* Dataset section *
· · · · · · ·

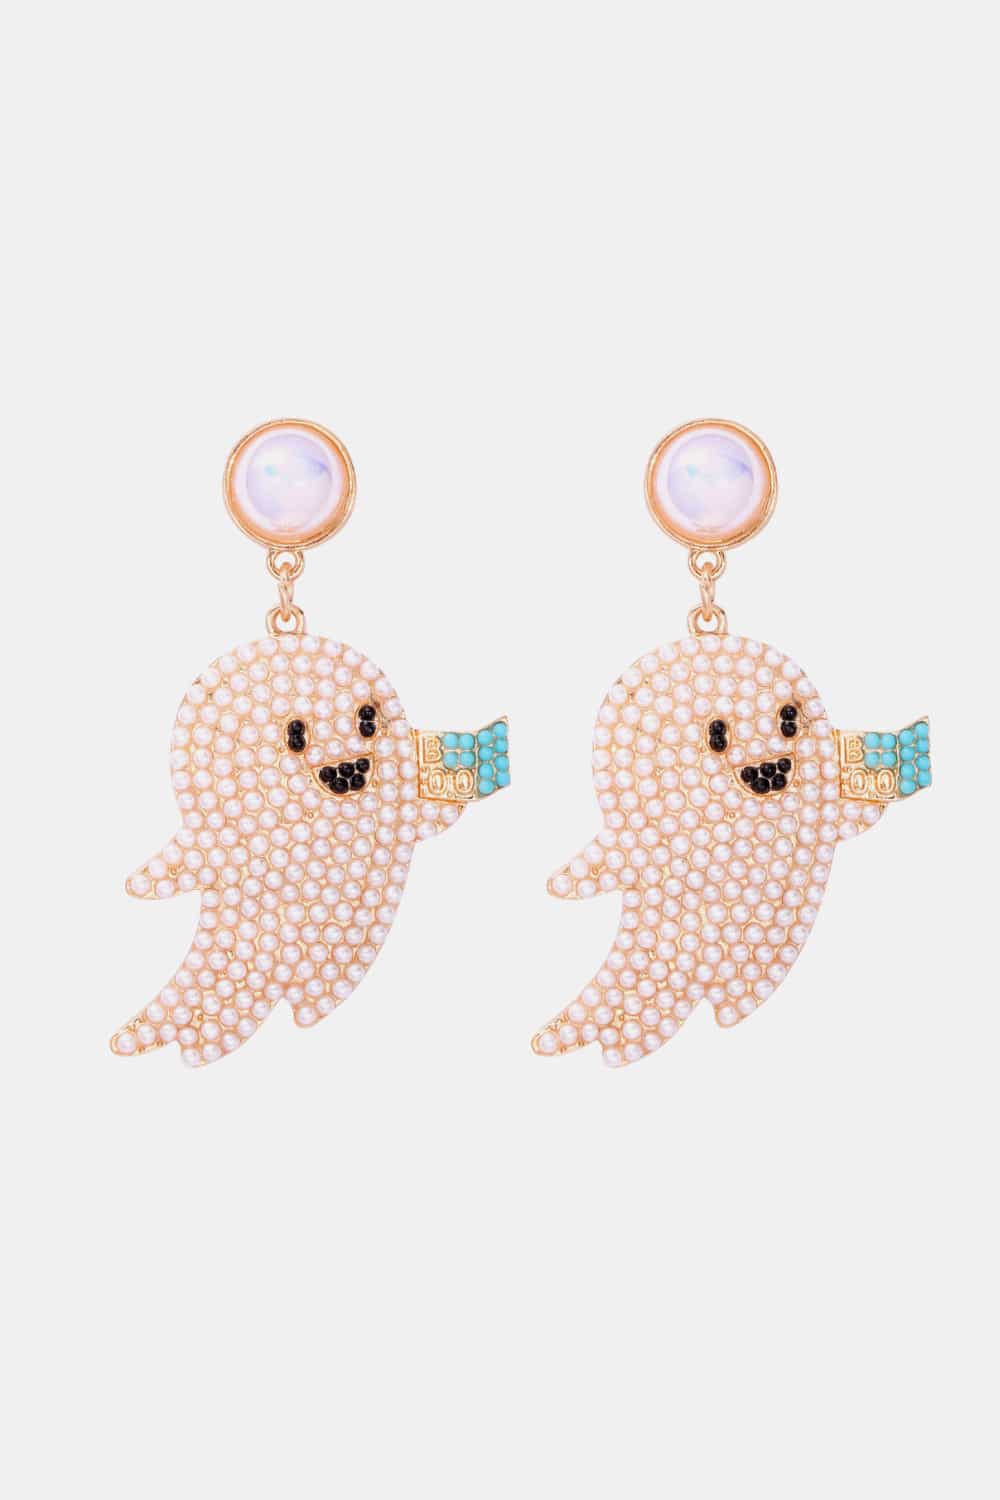 Ghost Shape Synthetic Pearl Dangle Earrings - White / One Size - Women’s Jewelry - Earrings - 7 - 2024
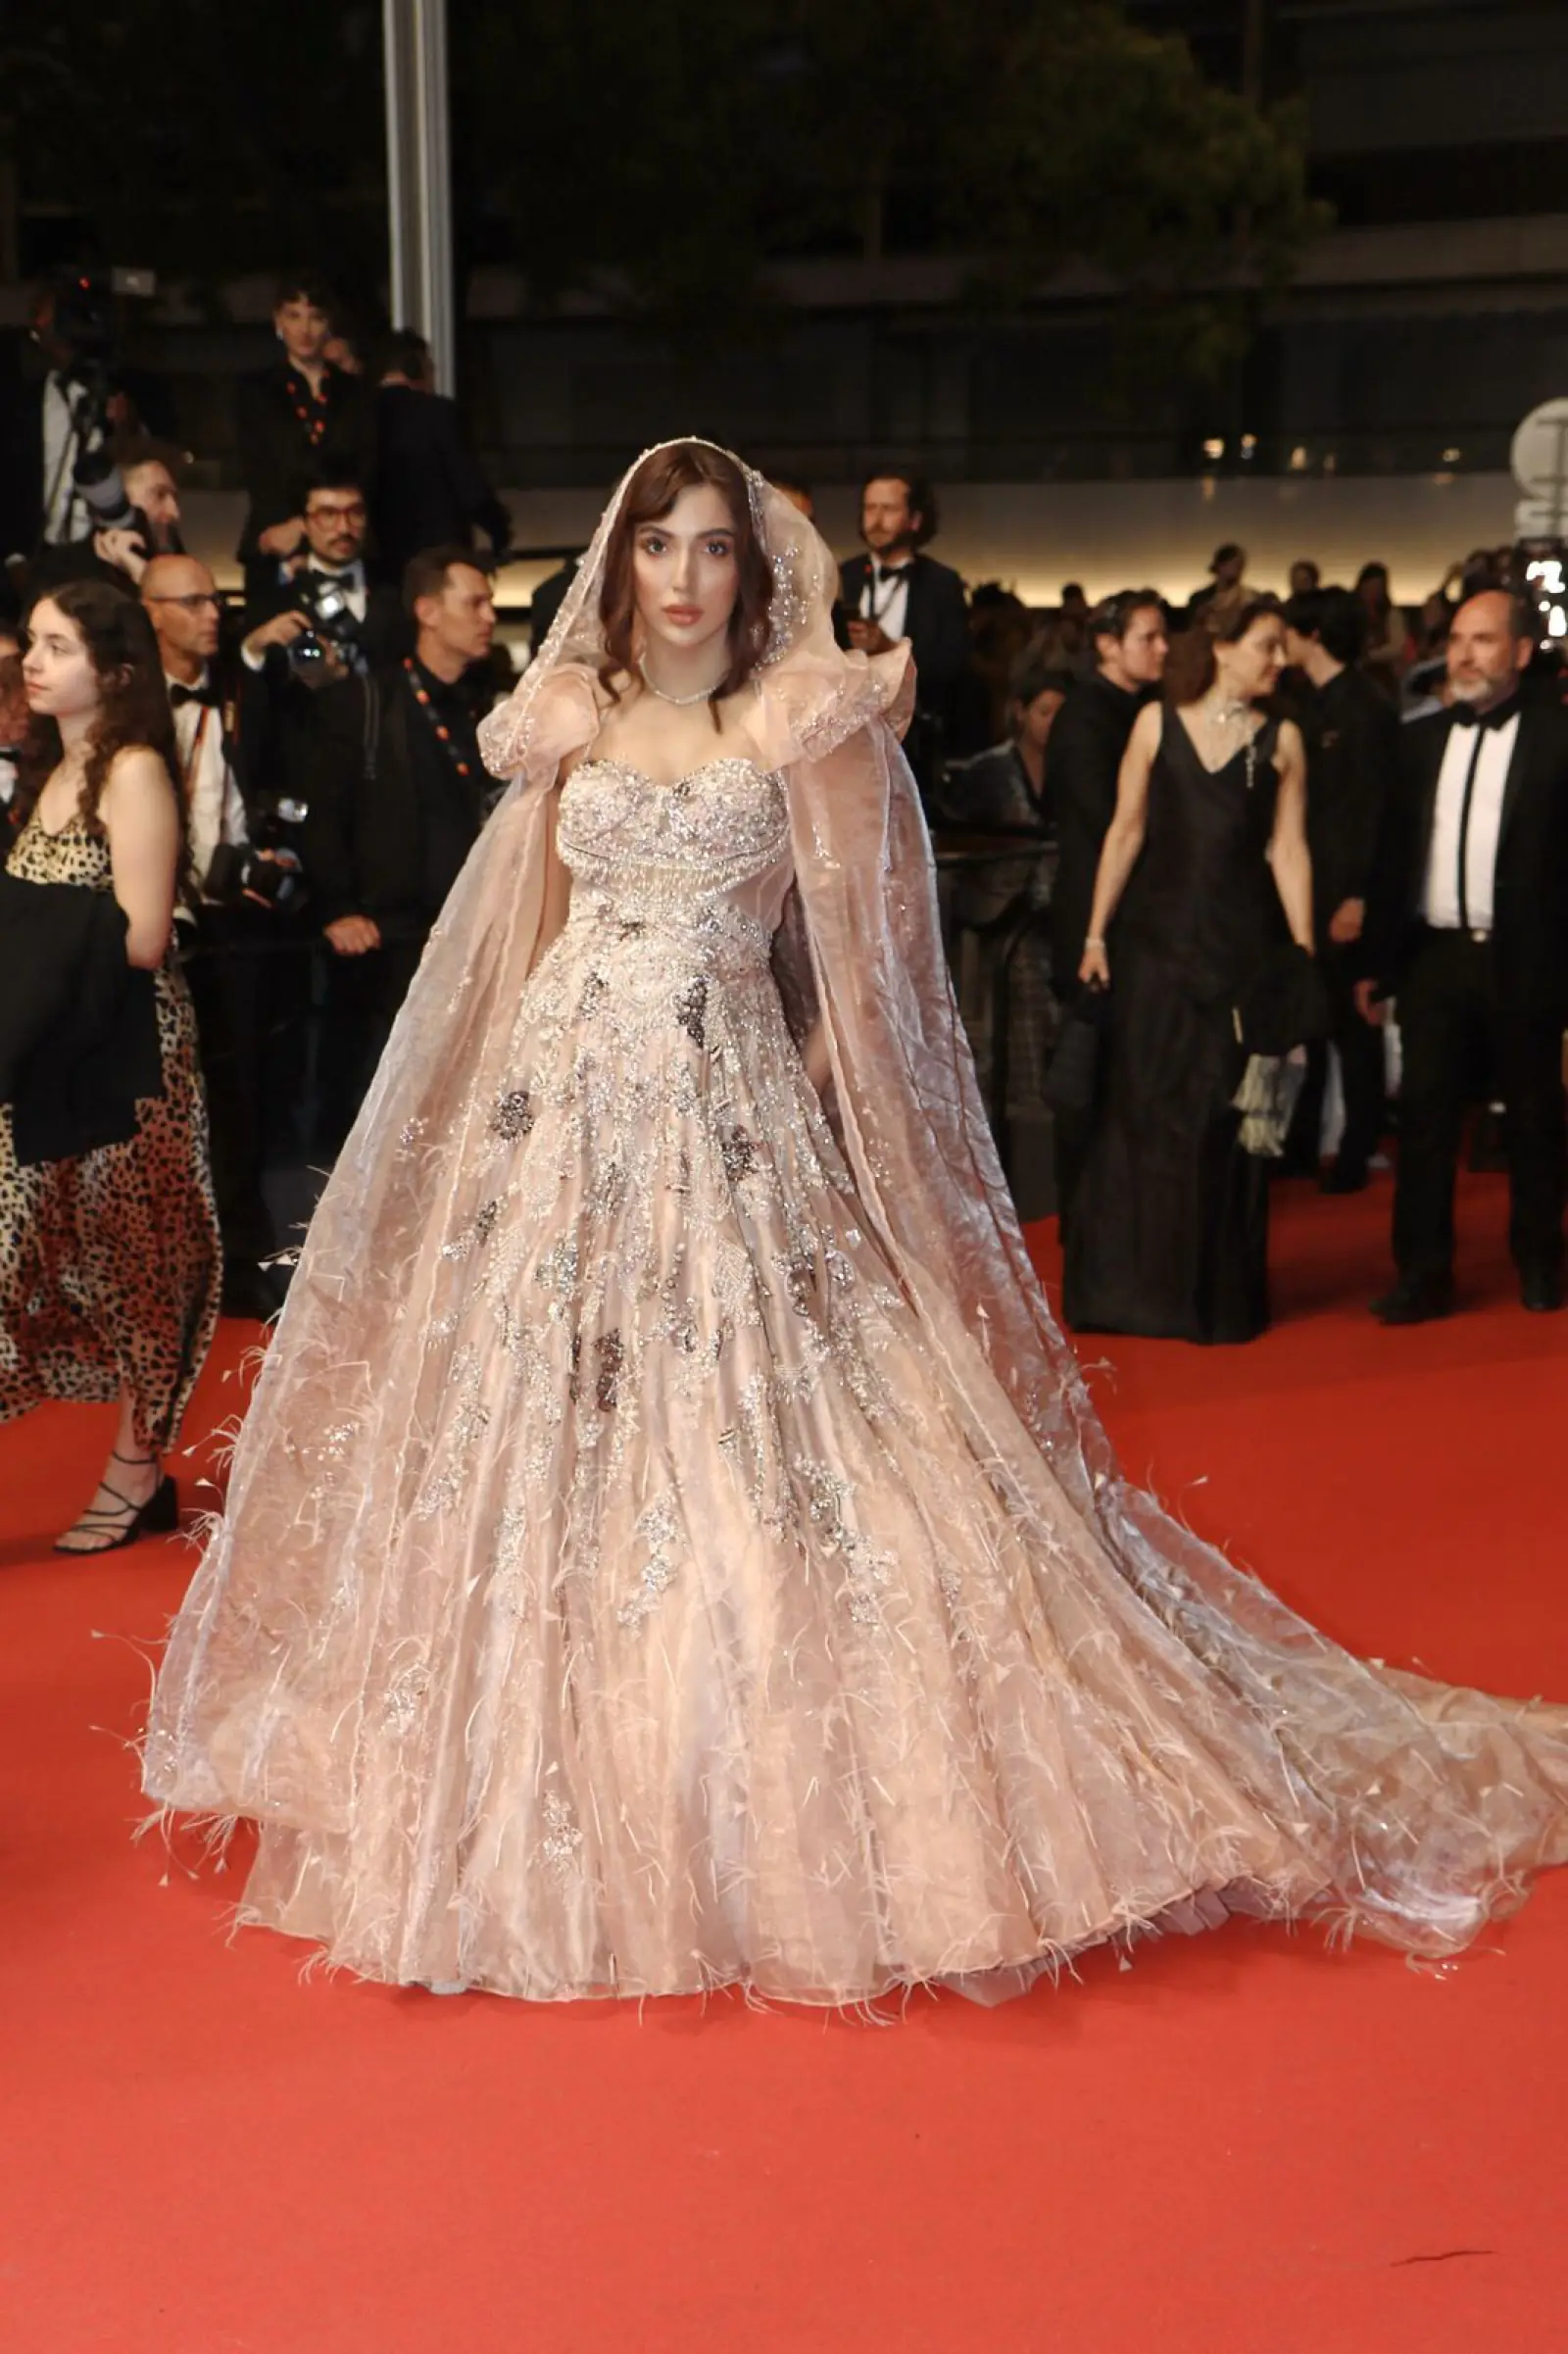 मिस इंडिया अरिसा खान ने कान्स रेड कार्पेट पर प्रतिष्ठित 'घूंघट' के साथ भारतीय संस्कृति का जश्न मनाया
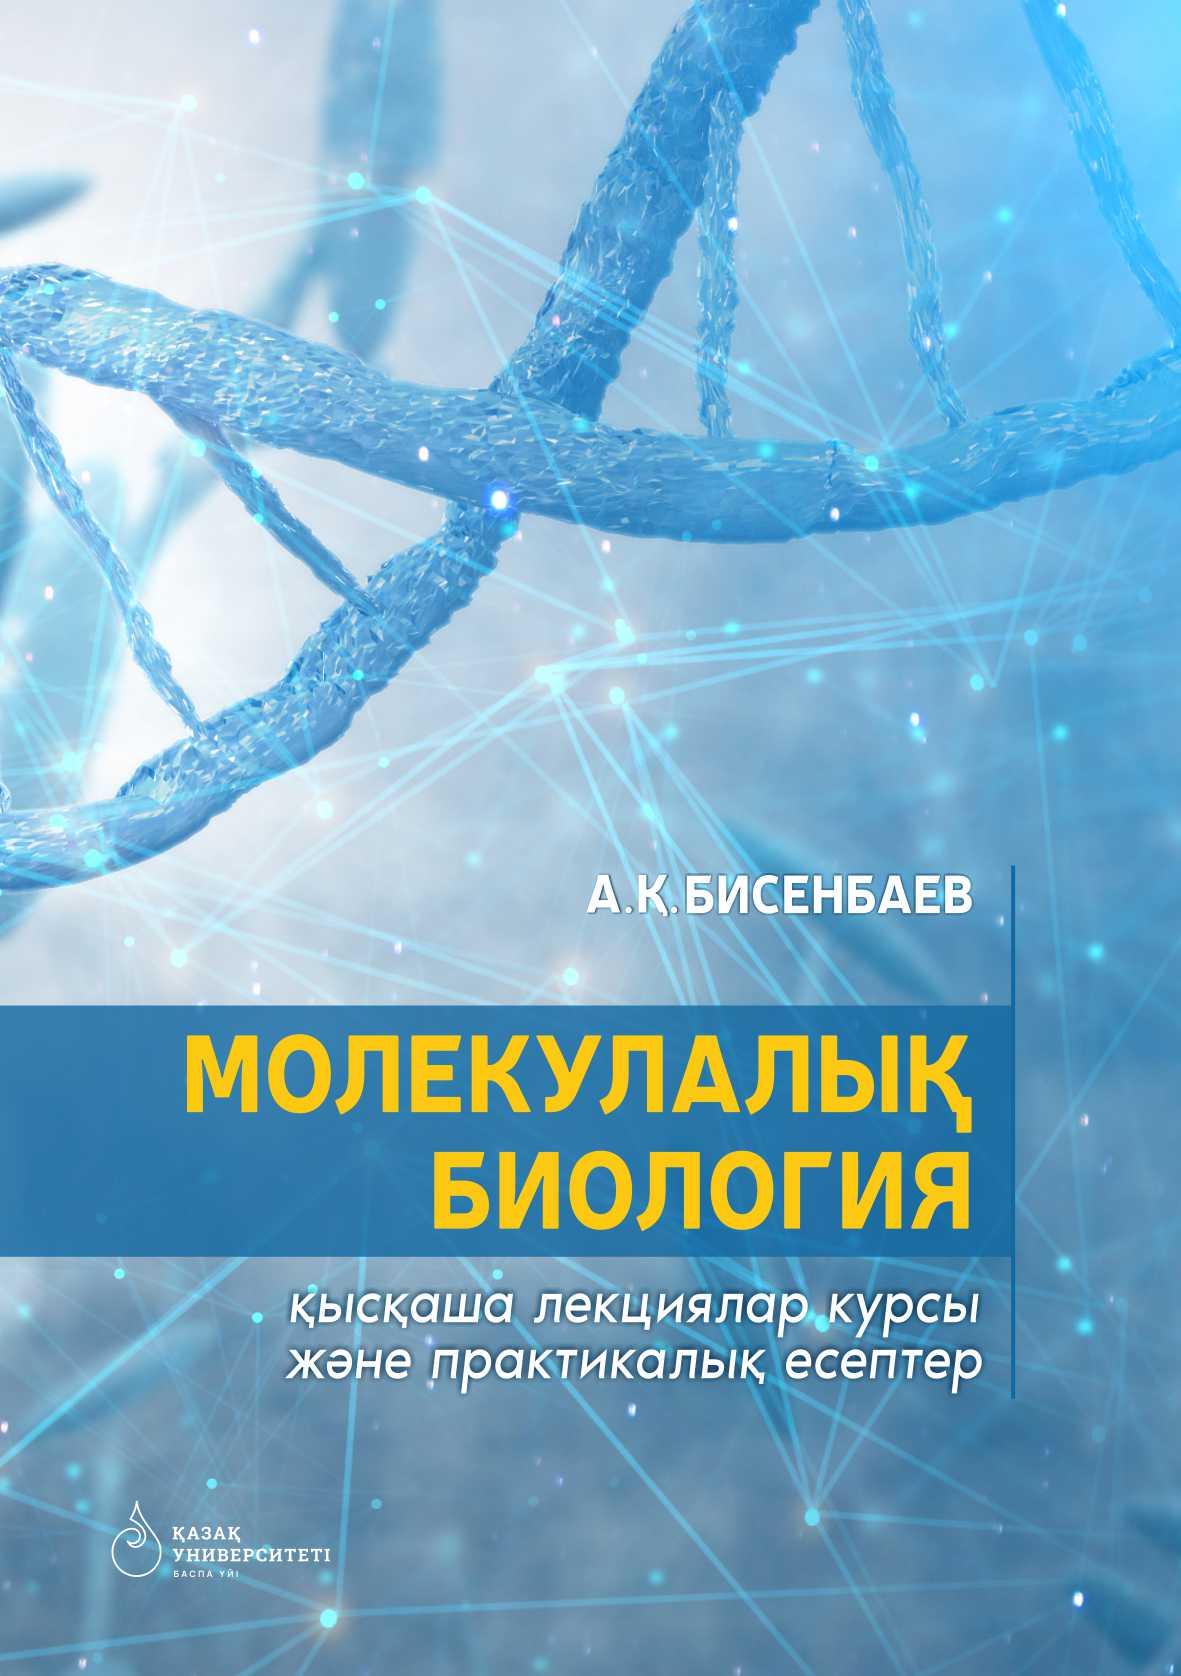 Молекулалық биология: қысқаша лекциялар курсы және прак-тикалық есептер– 255 б.
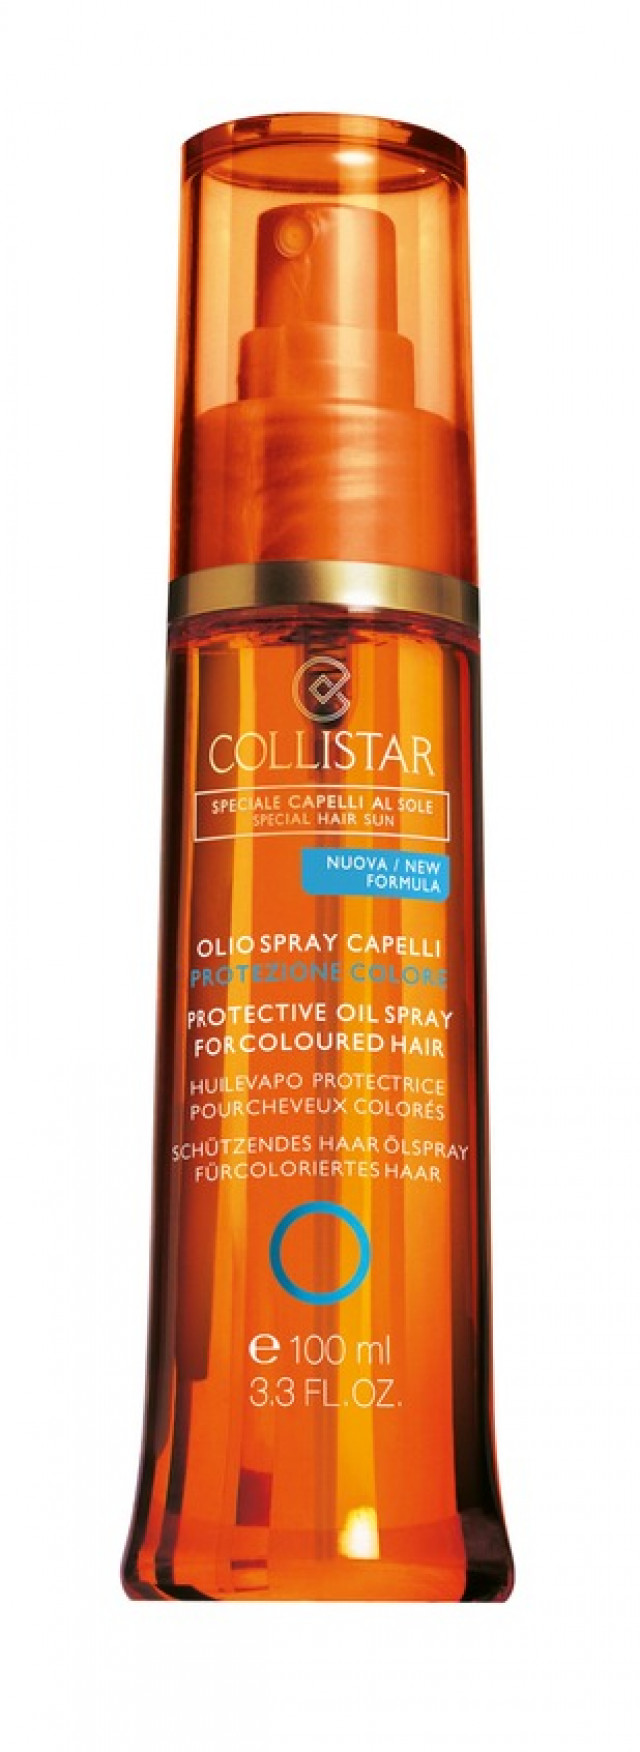 Olio spray capelli protezione colore

· · · · · · ·

* Your instructions *
All of the data is to be transcribed exactly, with images omitted.

* Answer box *
 Ghost Shape Synthetic Pearl Dangle Earrings - White / One Size - Women’s Jewelry - Earrings - 7 - 2024
 मिस इंडिया अरिसा खान ने कान्स रेड कार्पेट पर प्रतिष्ठित 'घूंघट' के साथ भारतीय संस्कृति का जश्न मनाया
 Молекулалық биология: қысқаша лекциялар курсы және прак-тикалық есептер– 255 б.
 Olio spray capelli protezione colore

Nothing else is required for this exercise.